Papa began to swirl around, tying himself up in his own web, as he shouted, "a human, she comes! Run for cover! Eeez the end of the world !"
Such noise! With Papa, BB, and Waldo all trying to talk at the same time it seemed there was no way to calm them down. Then, Leeza had an idea. She grabbed the whistle from around Waldo's neck and blew with all her might.
The shrill sound of the whistle was so startling that everyone stopped moving, except for Papa. He was quiet now but still spinning in circles beneath the string of web he was suspended on.
"You gonna be dizzy like a beetle," Leeza said to Papa. They all reached up to stop Papa from spinning but it was too late. Papa's eyes were rolling in different directions. When they cut the string of web and put Papa on the ground, he was so wobbly he couldn't stand up so, they waited quietly for Papa to calm down.
"You satisfy now ... you piccola crazy?" Leeza scolded Waldo. "You know ... Papa and BB ... they no like these humans."
Everyone in the forest knew BB was not their baby. Papa and Leeza found BB by the river. He had come from the city, where a human had smacked him with a newspaper and flushed him down the toilet. It was a very long time before BB could walk again and he never forgot how awful it was to be attacked by a human. After all, BB was just eating bugs that were in the house, and not hurting anyone at all, when the human screamed and chased him all over the house.
"Oh, dear," said Waldo. "I do believe I have been very cruel indeed. Please forgive me, won't you?
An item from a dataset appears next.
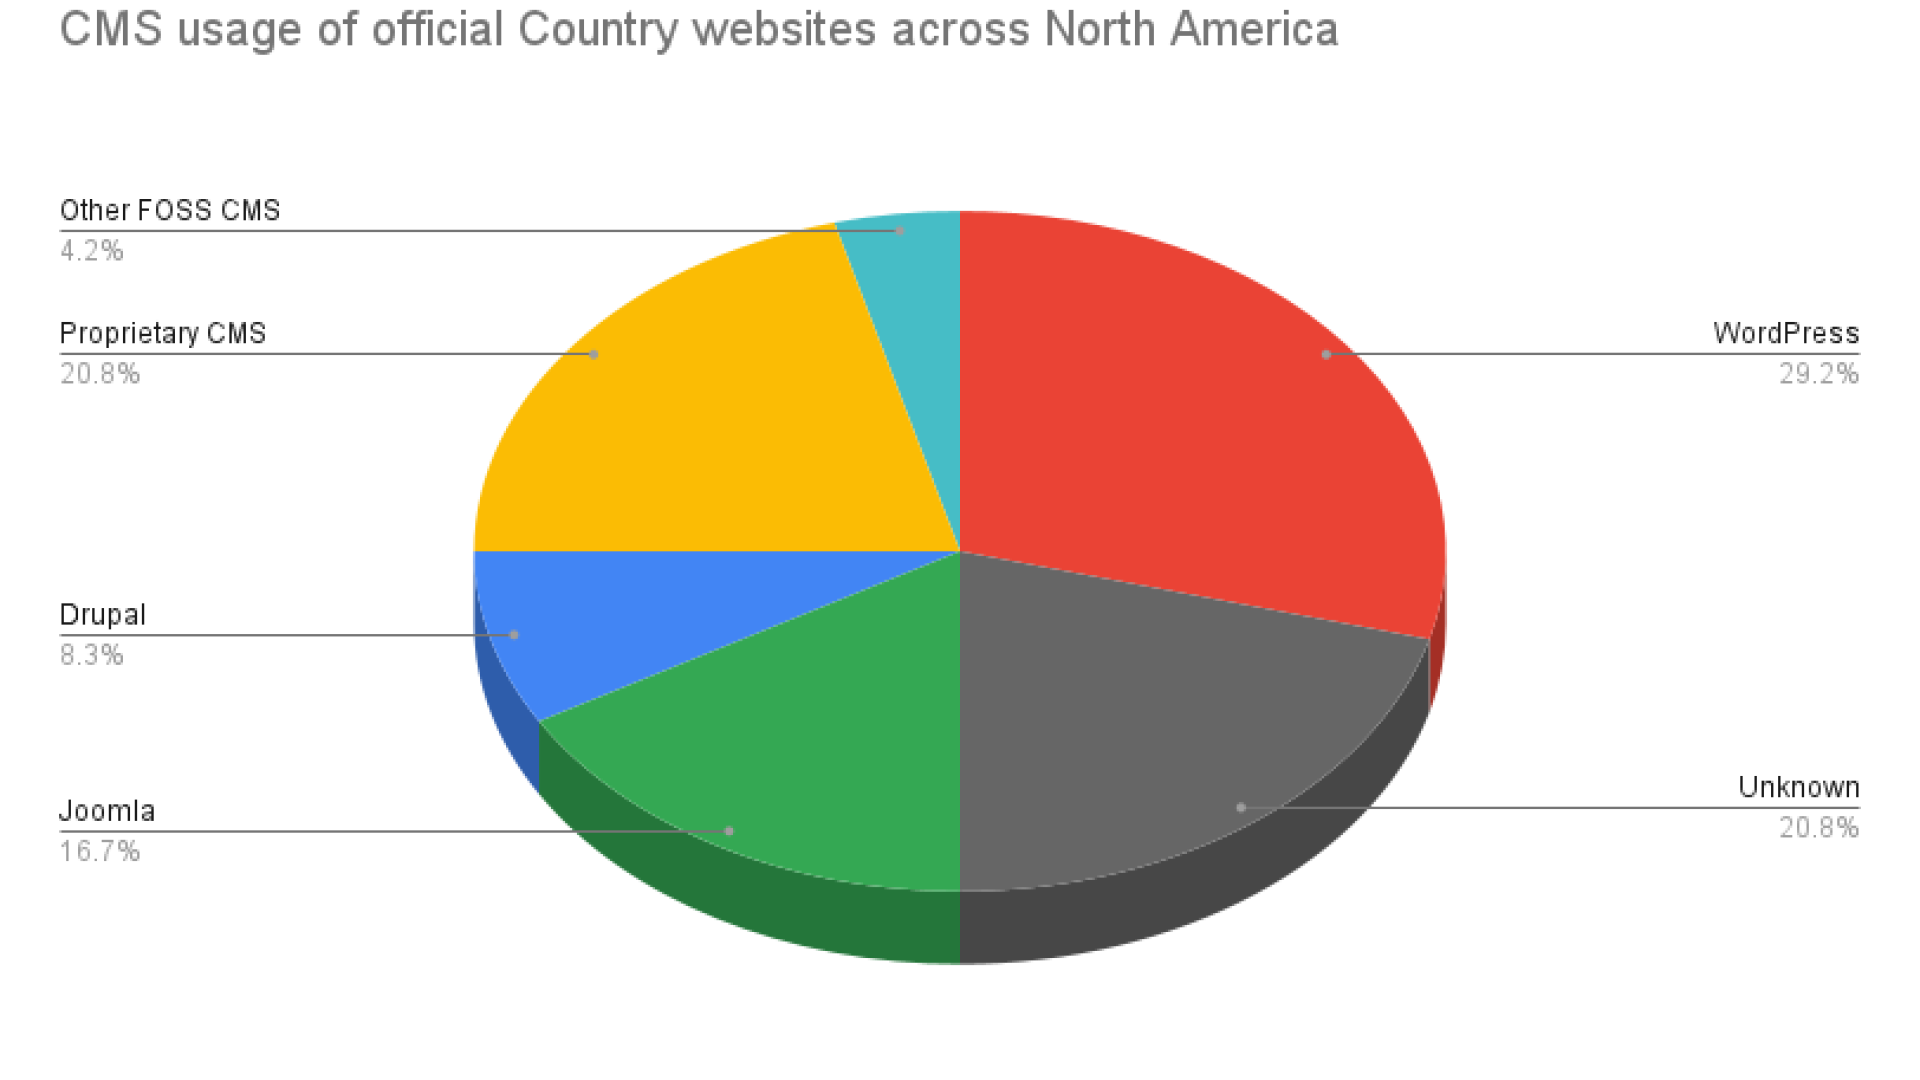 CMS usage of official country websites across North America

Perhaps I should explain; this child is not at all like the others. This is the child we heard about from our grandparents. She is the child from 'Nowhere.'"
"Over where?" said BB.
"Nowhere," answered Leeza, "where we dream."
"I don't understand," BB replied. "What do dreams have to do with this?" "Well, son ..." explained Waldo, "this child says she lives in our dreams. She uses dreams to explore other worlds. According to her, it's not that hard to do if we would just practice. She was here, ever so long ago, because she said we called her to help us with a problem were having. After the problem was solved ... and I'm not sure I can recall what the difficulty was, actually ... she went home, wherever that may be."
"I knew she planned to visit us because I awoke one night to find her sitting next to me. She told me there was a boy in the city she was destined to meet and the two of them would help us with the river. To this day, I don't know why I wasn't frightened silly to see her sitting by my bed. Still," continued Waldo, "there it is."
"This river," Papa asked, "how she know about this dead river we have? How she know this?" he said again.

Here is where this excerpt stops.